XGBoost Hyperparameters

here are six (6) hyperparameters for XGBoost that are the most important , which is defined as those with the highest probability of the algorithm yielding the most accurate, unbiased results the quickest without over-fitting:

  • (1) how many sub-trees to train;
  • (2) the maximum tree depth (a regularization hyperparameter);
  • (3) the learning rate;
  • (4) the L1 (reg_alpha) and L2 (reg_ lambda) regularization rates that determine the extremity of weights on the leaves;
  • (5) the complexity control (gamma=γ), a pseudo- regularization hyperparameter; and
  • (6) minimum child weight, another regularization hyperparameter.

Support Vector Machines

  • In 2D data, a Support Vector Classifier is a line.
  • In 3D, it is a plane.
  • In 4 or more dimensions, Support Vector Classifier is a hyperplane.

Technically all SVCs are a hyperplane, but it is easier to call them planes in the case of 2D.

Important concepts in SVM which will be used frequently are as follows.

  • Hyperplane − It is a decision plane or space which is divided between a set of objects having different classes.
  • Support Vectors − Datapoints that are closest to the hyperplane are called support vectors. The separating line will be defined with the help of these data points.
  • Kernel — A kernel is a function used in SVM for helping to solve problems. They provide shortcuts to avoid complex calculations.
  • Margin − It may be defined as the gap between two lines on the closet data points of different classes. A large margin is considered a good margin and a small margin is considered as a bad margin.

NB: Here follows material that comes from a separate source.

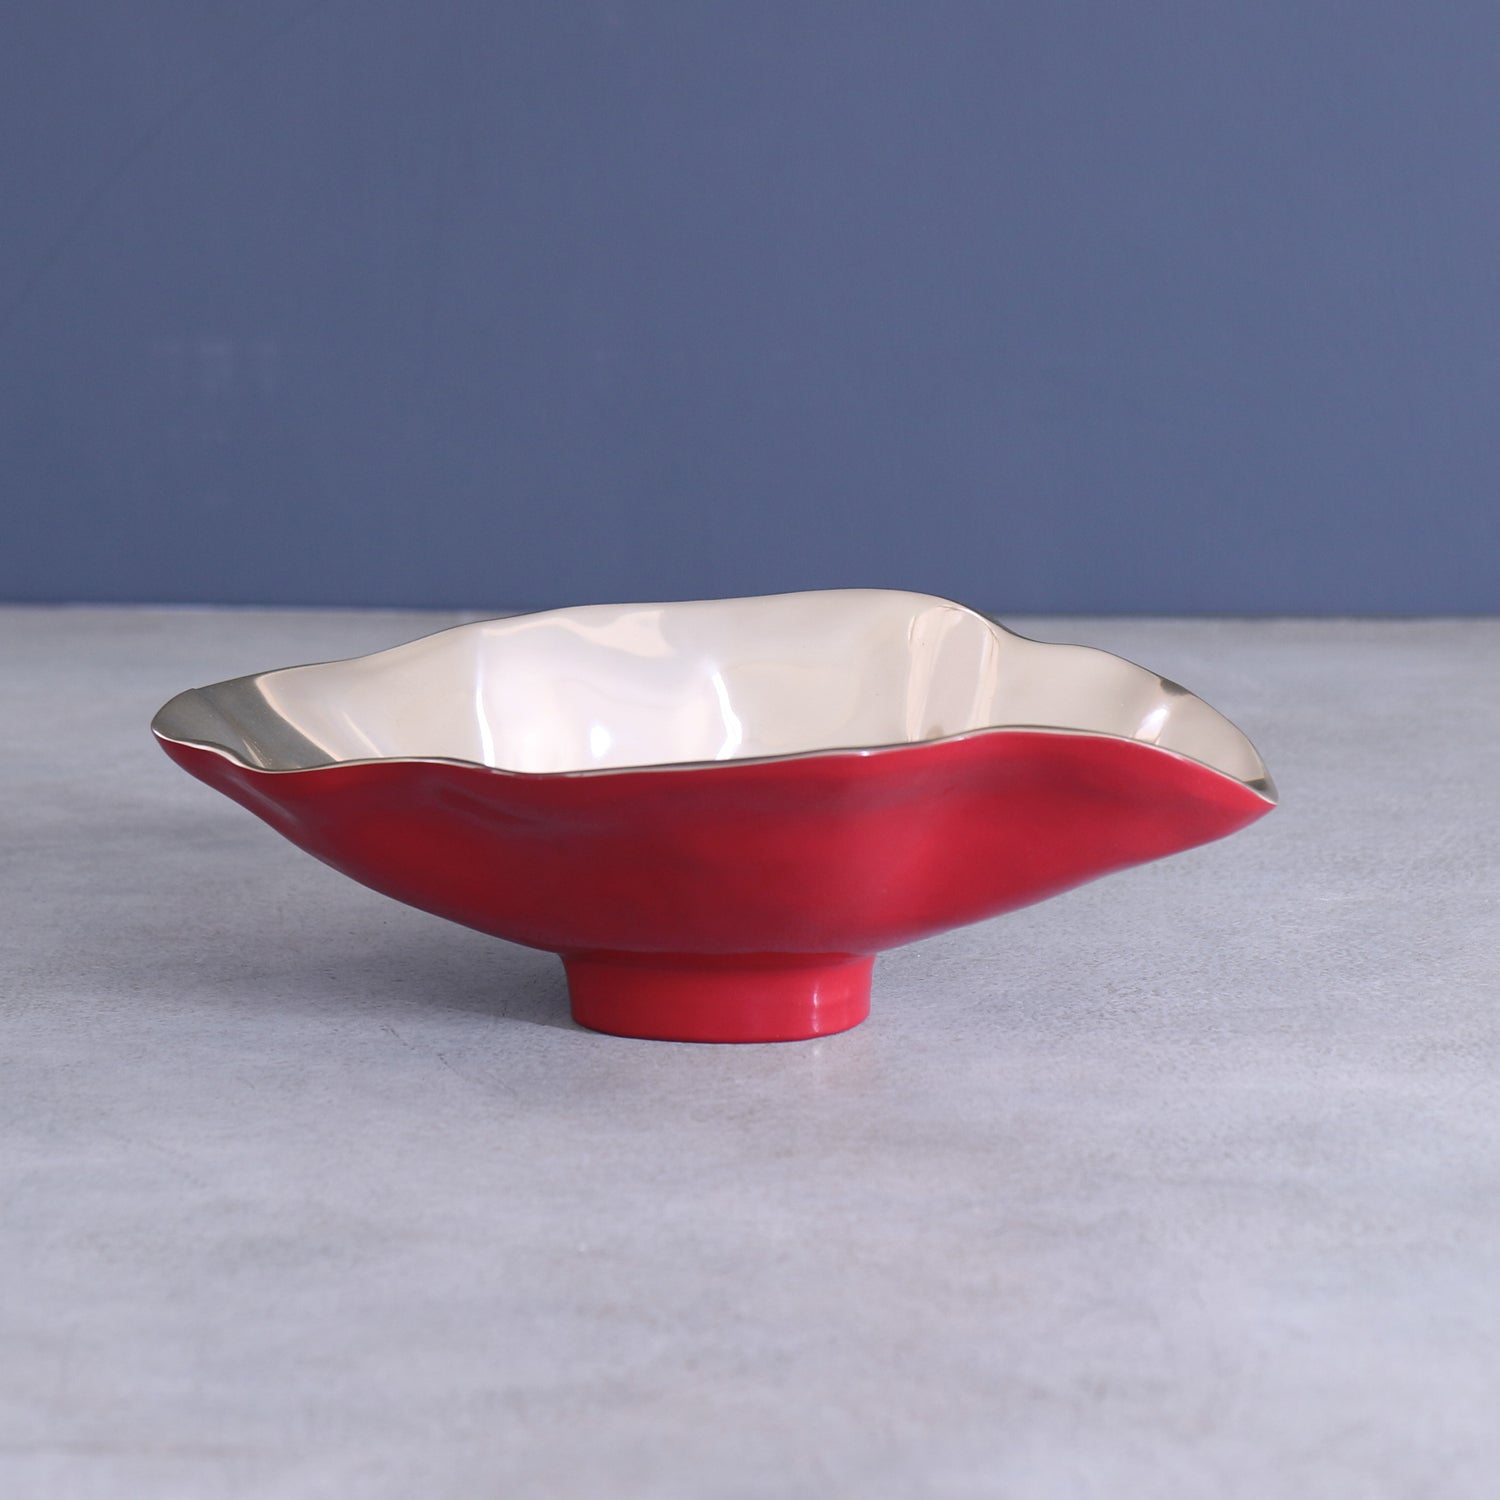 THANNI Maia Small Oval Bowl with Spoon (Red and Gold)
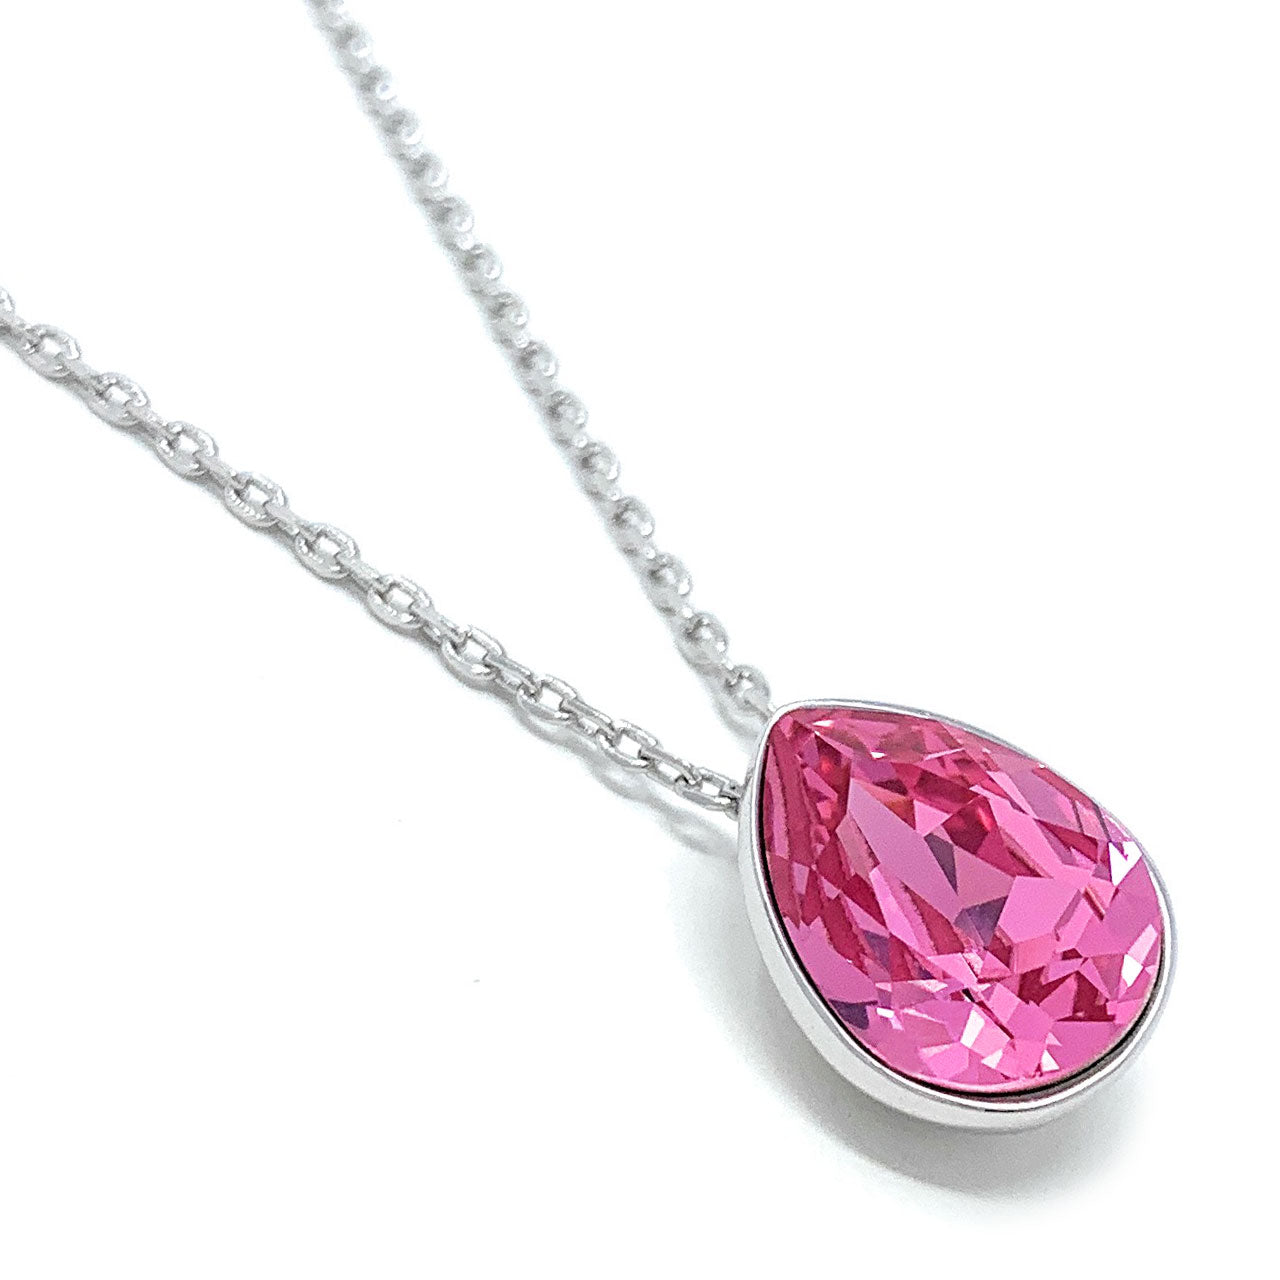 Mary Pendant Necklace with Pink Rose Drop Crystals from Swarovski Silver Toned Rhodium Plated - Ed Heart

Support Vector Machines use Kernal Functions to find Support Vector Classifiers in higher dimensions. A kernel function is a function that takes two input data points in the original input space and calculates the inner product of their corresponding feature vectors in a transformed (higher-dimensional) feature space.

Polynomial Kernel Radial Kernel (RBF)
The polynomial kernel is used to transform the input data from a lower-dimensional space to a higher-dimensional space where it is easier to separate the classes using a linear decision boundary. Radial Kernel finds Support Vector Classifiers in infinite dimensions. It assigns a higher weight to points closer to the test point and a lower weight to points farther away (like nearest neighbors). Observations that further away have relatively little influence on the classification of a data point.

In general, SVMs are suitable for classification tasks where the number of features is relatively small compared to the number of samples, and where there is a clear margin of separation between the different classes. SVMs can also handle high-dimensional data and nonlinear relationships between the features and the target variable. However, SVMs may not be suitable for very large datasets, as they can be computationally intensive and require a lot of memory.